Scientific classification
- Kingdom: Plantae
- Clade: Embryophytes
- Clade: Tracheophytes
- Clade: Spermatophytes
- Clade: Angiosperms
- Clade: Eudicots
- Clade: Asterids
- Order: Boraginales
- Family: Boraginaceae
- Genus: Lithospermum
- Species: L. caroliniense
- Binomial name: Lithospermum caroliniense (Walter ex J.F. Gmel.) MacMill.

= Lithospermum caroliniense =

- Genus: Lithospermum
- Species: caroliniense
- Authority: (Walter ex J.F. Gmel.) MacMill.

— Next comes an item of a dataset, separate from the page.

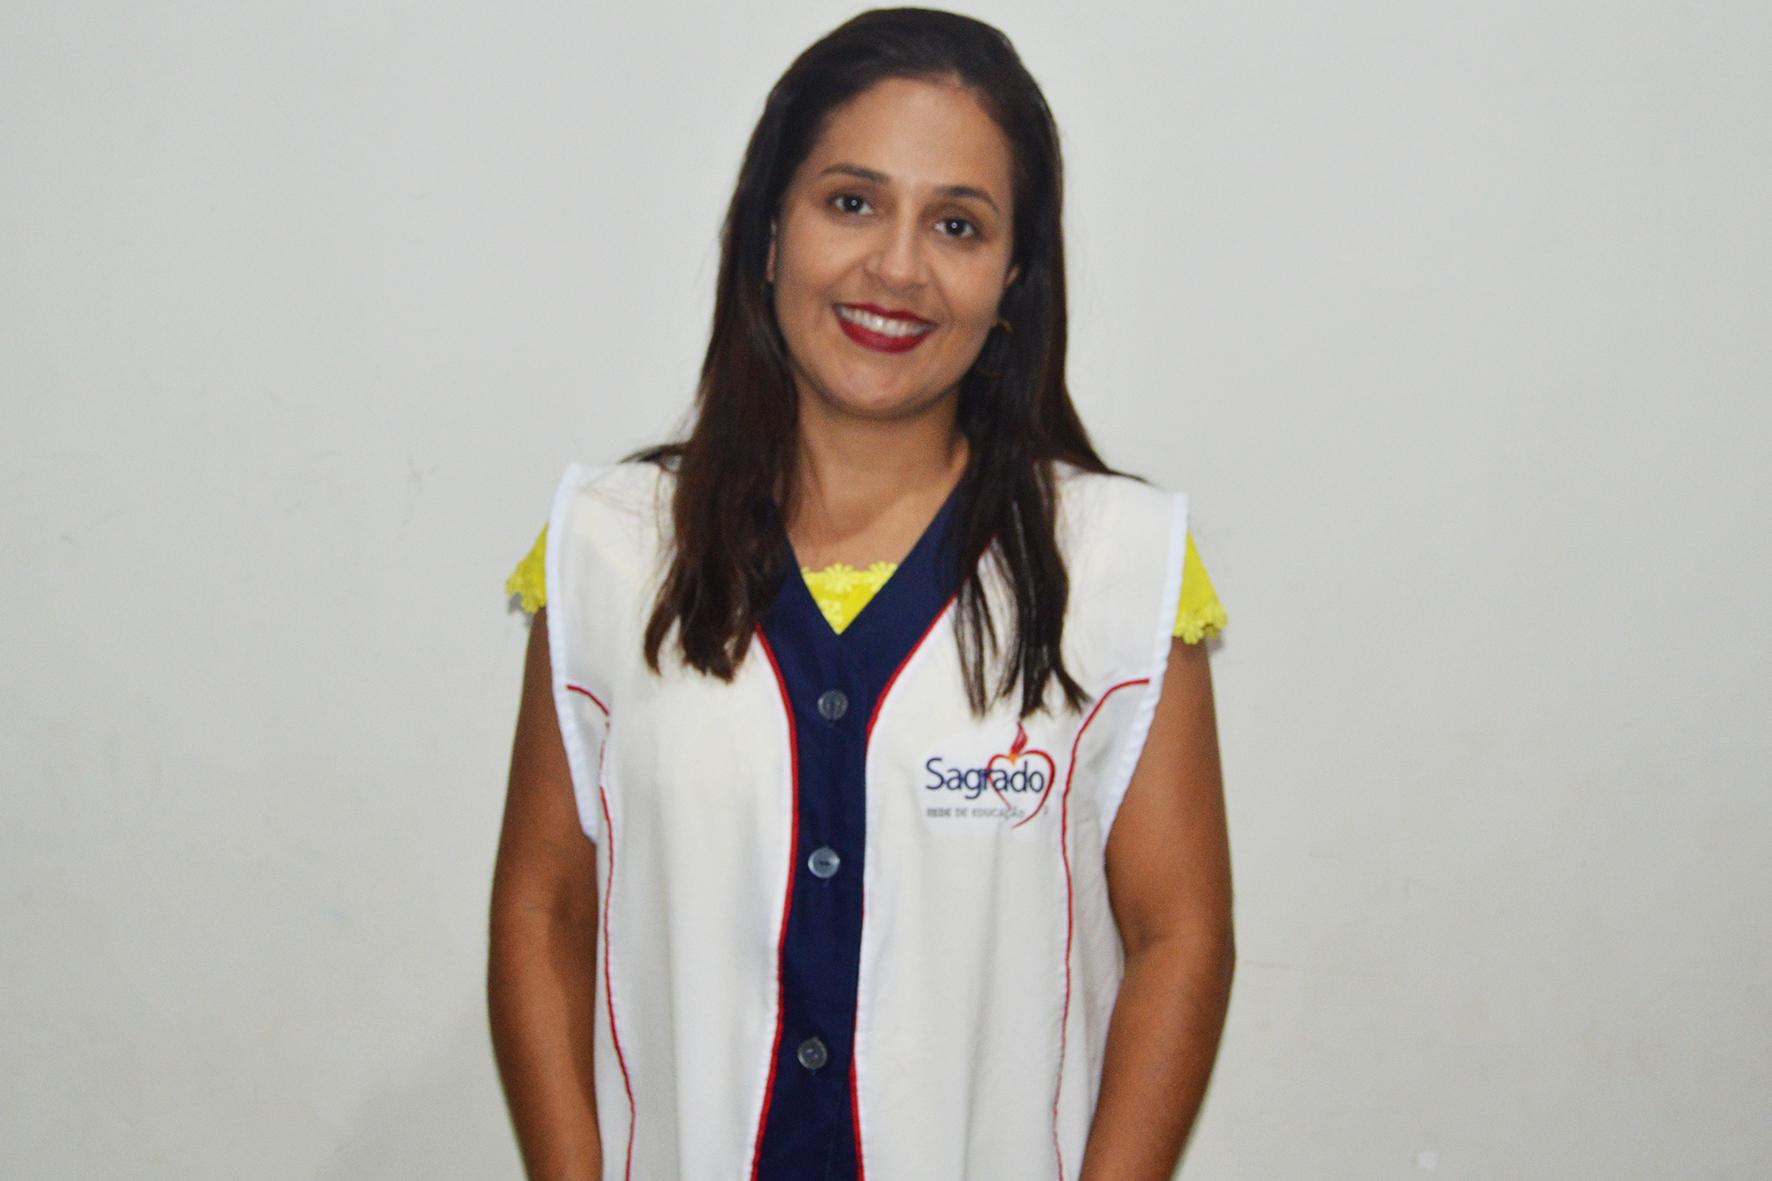 ROBERTA TEIXEIRA PINHEIRO
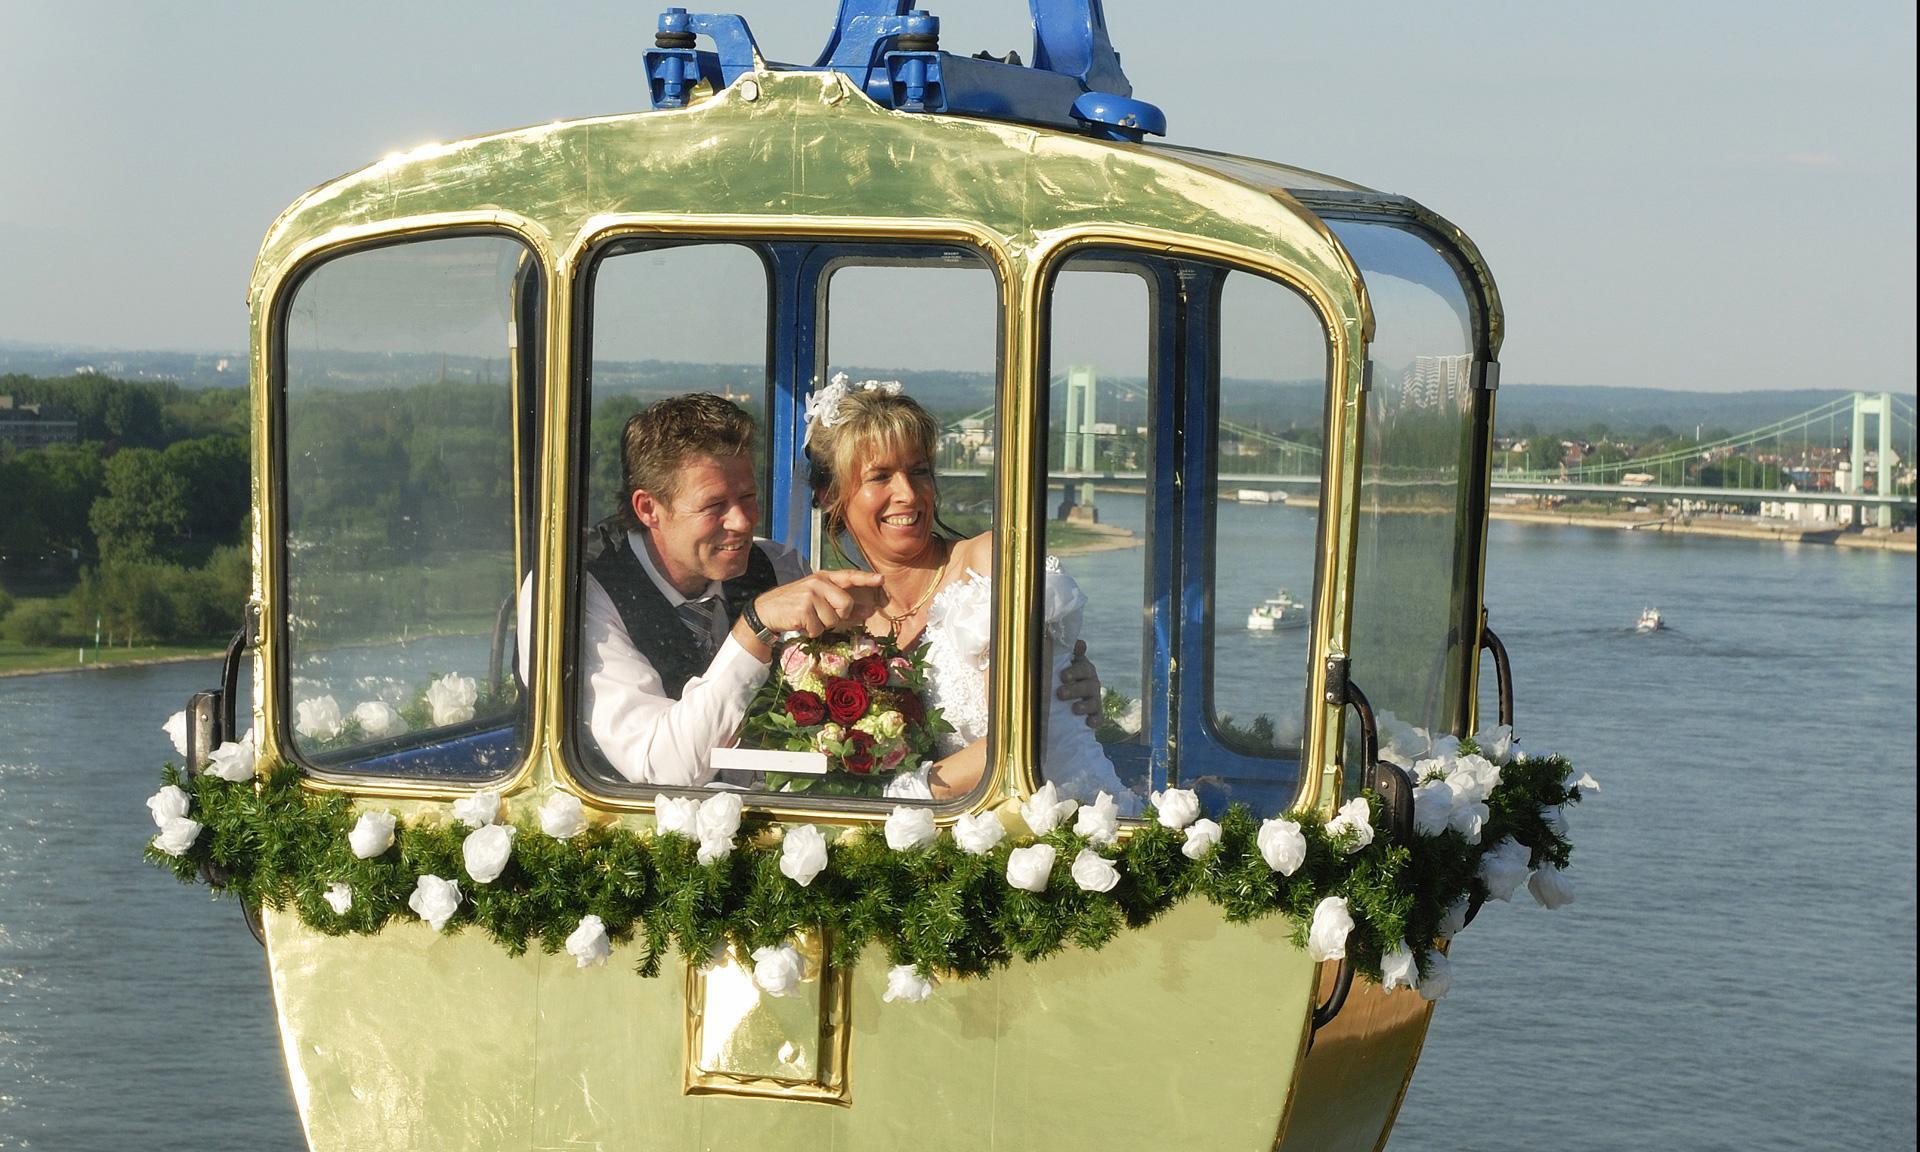 Besondere Location Köln - Alles für die perfekte Hochzeit

North American species of flowering plant in the borage family

Lithospermum caroliniense, commonly known as the hairy puccoon or Carolina puccoon or Plains puccoon, is a flowering plant found in the Midwestern United States and Canadian provinces surrounding the Great Lakes. The plant grows in sandhills, pine barrens, and dry, sandy woods.

==Description==
Dr. Robert W. Poole and Dr. Patricia Gentili describe the hairy puccoon as follows:

Flowers large (up to 1 inch in diameter) yellow-orange with 5 petals and basal parts of petals fused into a long corolla tube. Stamens hidden in corolla tube. Flowers arranged in a flat-topped cluster or weakly curled, short sprays. Stem and leaves coarsely hairy. Leaves broadest in the middle, tapering at either end, and outer margin smooth. Plant 1 to 2.5 feet in height.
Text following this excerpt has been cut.